Elise! This needs a few typos!
Okay, I’ll accept the “Wanted” poster being reversed/flopped. But I urge everyone within … Wait, what’s the address? Elise? Where’s this happening?
Lawrence, Kansas, Elise says. Find it here. Or here.
Elise was an excellent Kangaroo Helper in Kansas City last year. We owe her some loyalty.
Being a writer means strip mining your life for material. Yeah, and strip mining your friends’ lives until you no longer have friends.
Fuckit, friends are just something you have when you’re between books, right?

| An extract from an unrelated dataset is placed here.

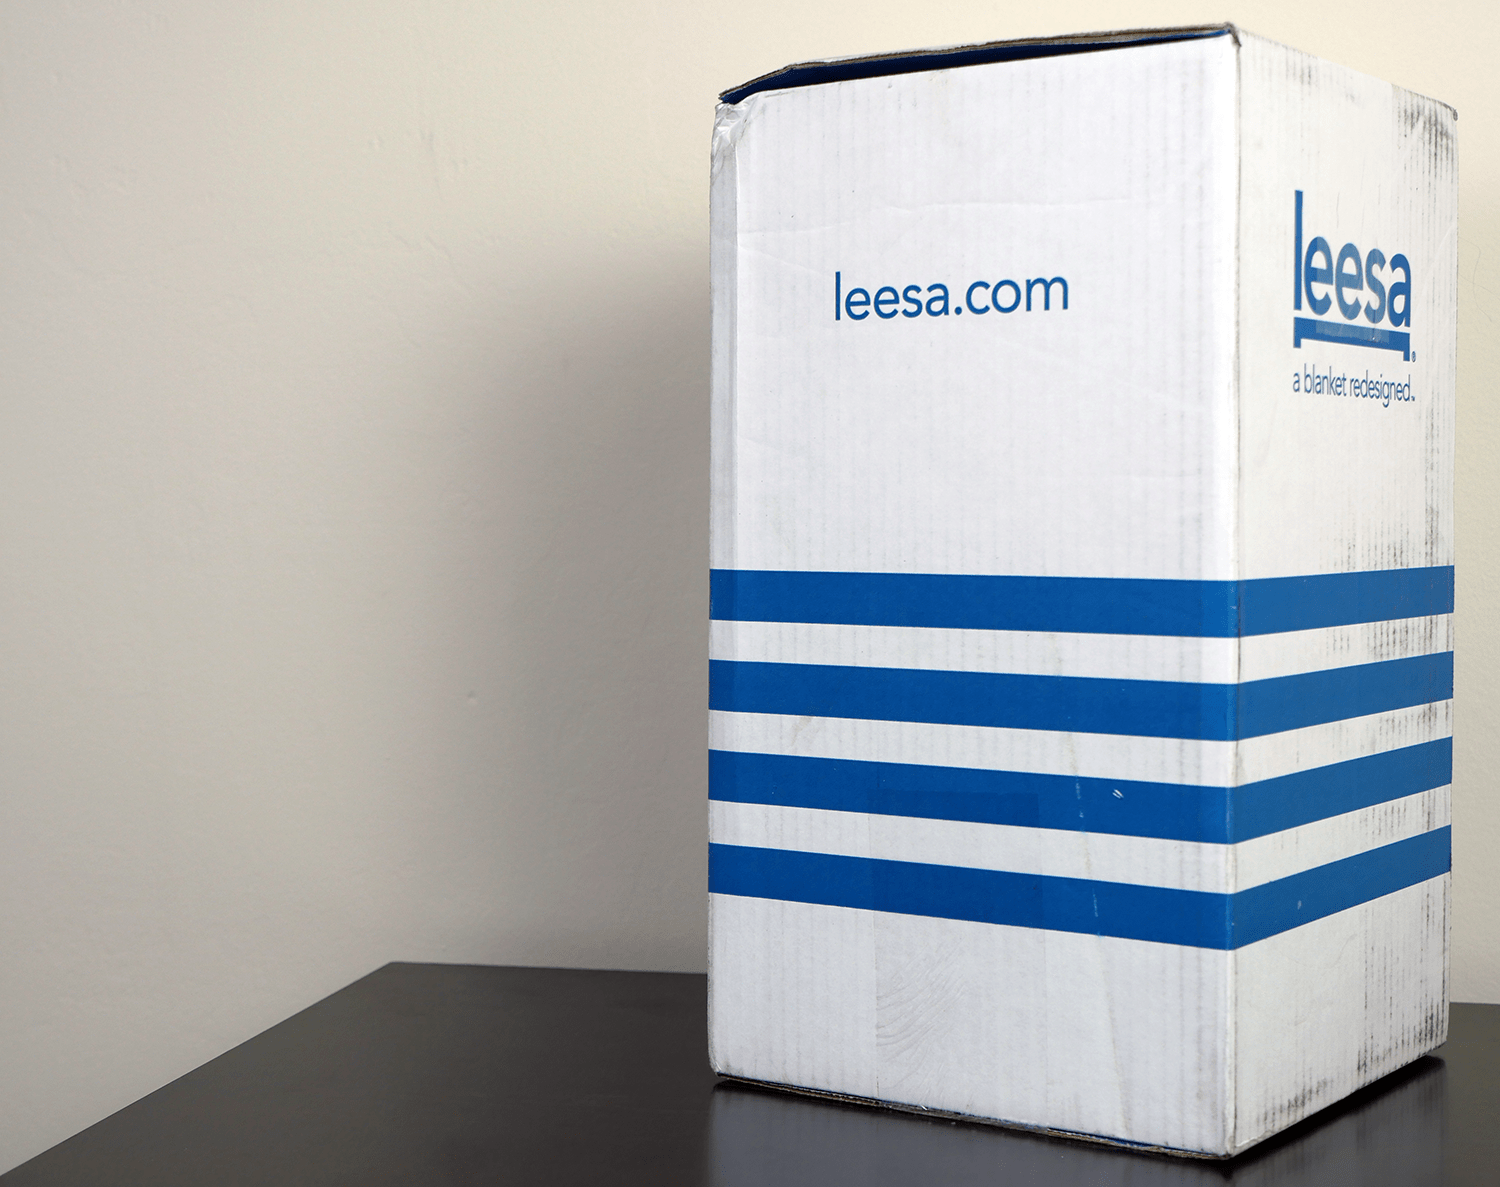 The Leesa blanket arrives in a box identical to their mattress, only much smaller

This weekend I’m packing the boxes for the Pixie Project donors. Pet toys and Easter candy. Years ago when I’d buy dozens of heart-shaped boxes of Valentine’s chocolate, the cashier would ask, “Looks like you have a lot of girlfriends …”
Wow, microaggression much?
Later in life, as I bought candy for gift boxes, the cashier would marvel, “Wow, how many kids do you have?” Yesterday I bought a heaping shopping cart full of Easter candy, and the cashier said, “You must have a LOT of grandchildren.” Now I want to deescalate back to the microaggressions.
So strip mining…
Do you remember when you were little and you bit into a honking big chocolate bunny on Easter (or thereabouts) and you saw that it was hollow?! That’s the brand of core, original emotion we’re looking for in stories. Personally, I was pissed. What looked like a ton of chocolate ended up being only a few ounces. If you can ground a character’s emotion in an experience shared by many, then you achieve emotional “heart” authority.
Whenever you recall these core emotional events—anger, love, grief, whatever—collect them to use in your work. Again, it’s the Vicodin simile from The Contortionist’s Handbook.1 And you can use those relatable events at any point in a story, where you need for emotion to land in the reader’s mind. ‘Swear, it will make a million people think the book is about them.
Now go to Elise’s party! It’s Tuesday.
God forbid I repeat an anecdote and have Colton come down on me like a ton of bricks.
“Imagine waking up on the Monday morning filled with dread. Another satisfying week looms. Another soul crushing day at work doing something you’d never planned to do for the rest of your life. You’re growing older, your life wasted, your dreams lost. And then you realize it’s actually Sunday morning, that rush of relief… that flood of joy and bliss that fills you and buoys your whole body with euphoria, multiply that feeling with ten, and that’s how Vicodin feels.”
Can’t make the party. 😢 but does anyone else recall walking in on their parents nailing? That moment you lost all sense of reality? Possibly it’s the moment you actually came online. That’s it. That’s my chocolate bunny story.